Three months of treatment with NP202 after primary PCI for anterior STEMI with residual LV dysfunction did not improve LV remodeling. The drug was safe and well tolerated.
ClinicalTrials.gov Identifier: NCT02557217.
急性前壁 ST 段抬高型心肌梗死(STEMI)后,左心室(LV)重构会导致心力衰竭和死亡。钙/钙调蛋白依赖性蛋白激酶 II 德尔塔(CaMKIId)是不良 LV 重构的关键分子介质。
确定 NP202,一种口服活性 CaMKIId 抑制剂,是否可预防经皮冠状动脉介入治疗(PCI)后早期 LV 功能障碍的前壁 STEMI 患者的 LV 重构。
设计、地点和参与者:这是一项在美国、澳大利亚和新西兰的 32 个地点进行的随机、双盲、安慰剂对照的 NP202 与安慰剂治疗经皮冠状动脉介入治疗(PCI)后前壁 STEMI 患者的多中心临床试验。该研究于 2015 年 11 月 19 日至 2018 年 8 月 1 日进行。研究纳入的患者为:症状发作后 12 小时内行 PCI 治疗的前壁 STEMI,且初次 PCI 后 48 小时心脏超声心动图显示左心室射血分数(LVEF)小于 45%。基线心脏磁共振(CMR)成像于 STEMI 后 5 天内和研究药物给药前进行。3 个月后进行随访 CMR。数据分析于 2015 年 11 月 19 日至 2018 年 8 月 1 日进行。
患者随机分为 NP202 组(每天 1000mg,持续 3 个月)和相应的安慰剂组。
CMR 上 LV 收缩末期容积指数(LVESVi)的变化。次要终点:LV 舒张末期容积指数的变化、LVEF 的变化、梗死面积的变化和舒张功能的变化。还评估了安全性和耐受性。

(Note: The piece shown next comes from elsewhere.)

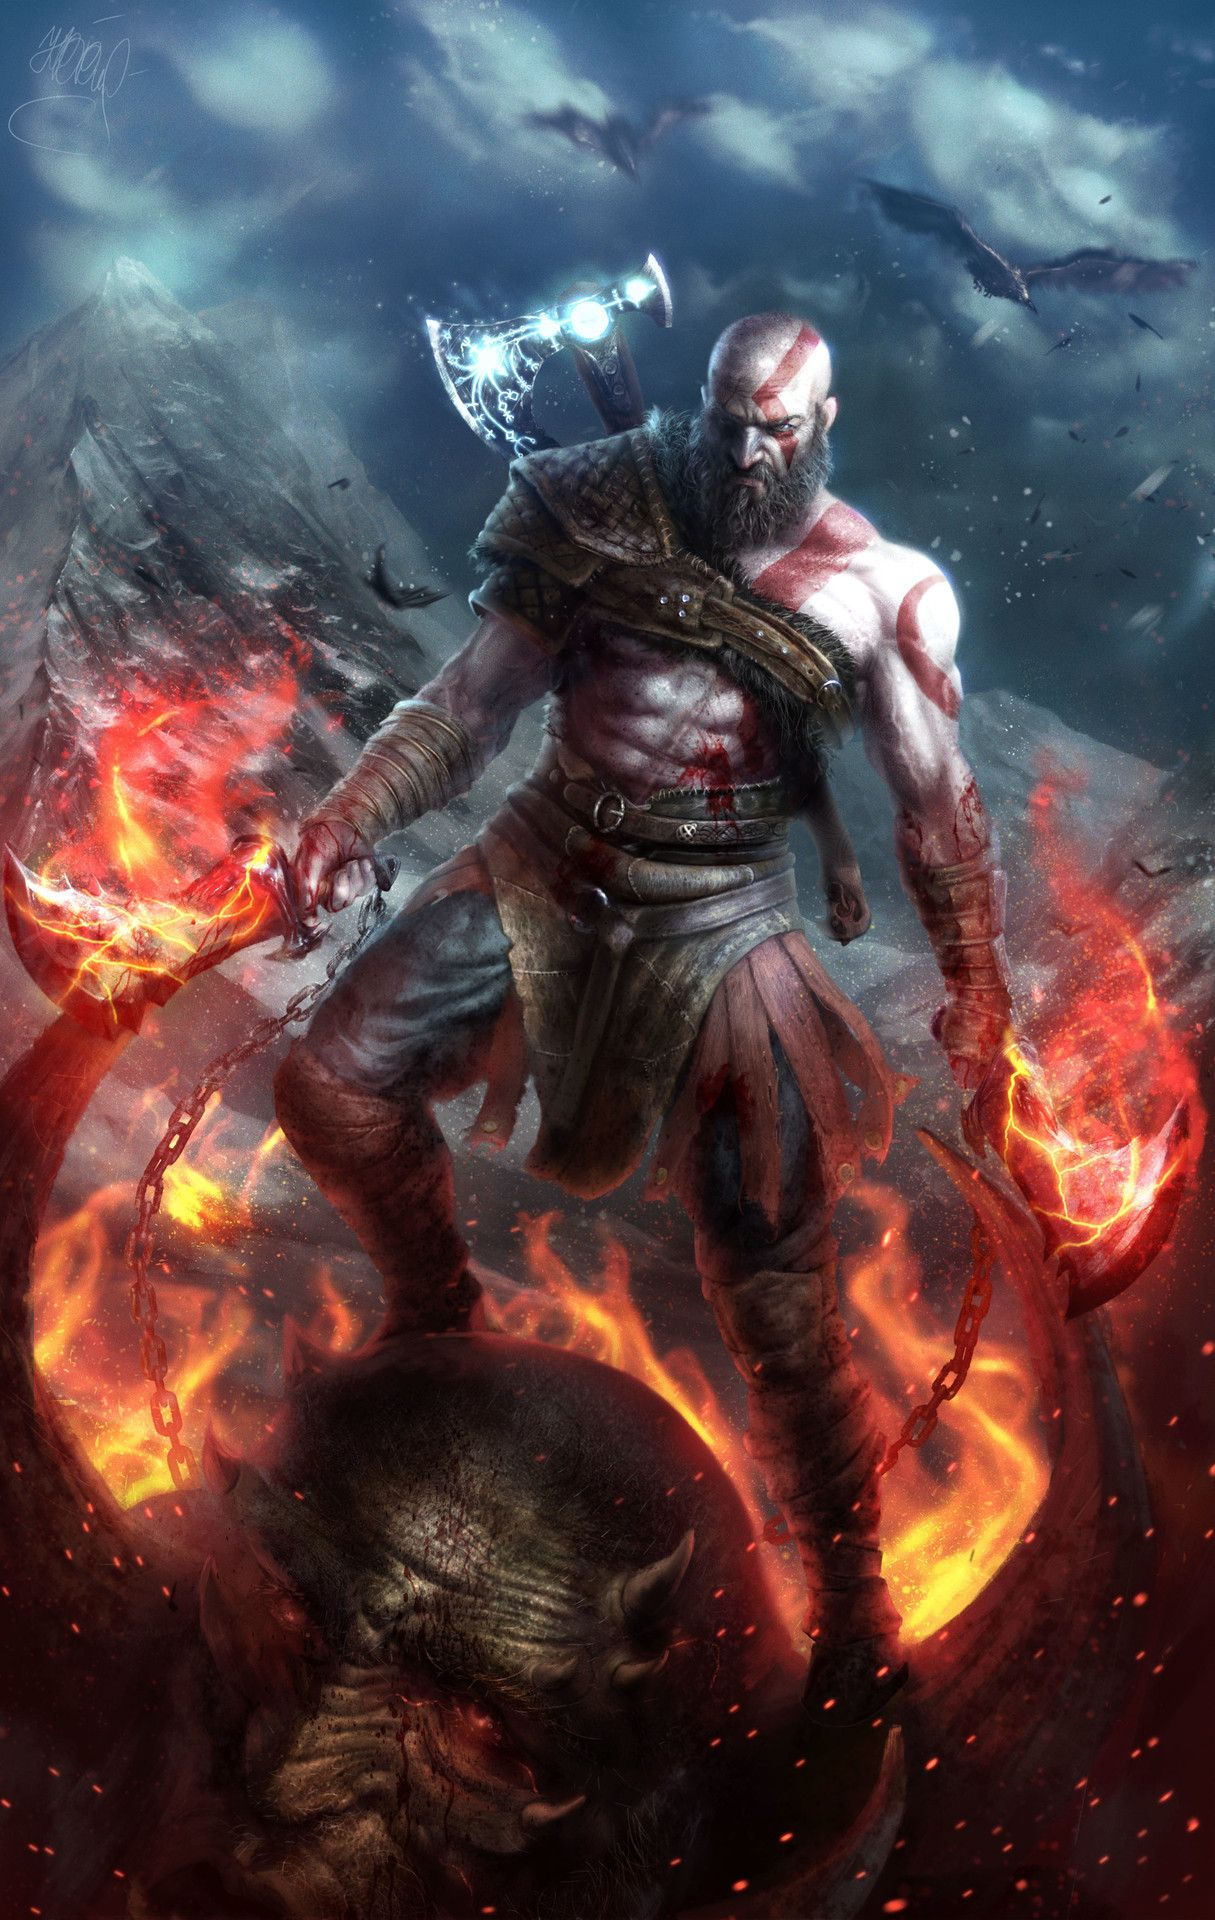 Old Weapons Kratos God Of War Kratos The God Of War Dios De La

共纳入 147 例接受经皮冠状动脉介入治疗的前壁 STEMI 患者(平均[SD]年龄 58[11]岁;129 例男性[88%];130 例白人患者[88%]),随机接受 NP202(73[49.7%])或安慰剂(74[50.3%])治疗。两组基线 LVEF 相似。NP202 组患者基线时的 LVESVi(48.2mL/m2)大于安慰剂组(41.3mL/m2;P=0.03)。然而,两组之间的其他方面匹配良好。对于从基线到 3 个月时 LVESVi 的主要终点变化,安慰剂组(中位数[四分位距]变化,-0.60[-9.28 至 5.99]mL/m2)和 NP202 组(-3.53[-9.24 至 4.81]mL/m2)之间没有显著差异(P=0.78)。CMR 评估的次要疗效终点也没有差异。NP202 耐受良好,安全性特征可接受。两组之间的主要不良心脏和脑血管事件发生率相似。两组在随访期间各有 2 例死亡。
前壁 STEMI 经皮冠状动脉介入治疗后,残留 LV 功能障碍患者使用 NP202 治疗 3 个月,LV 重构并未改善。该药物安全且耐受良好。
ClinicalTrials.gov 标识符:NCT02557217。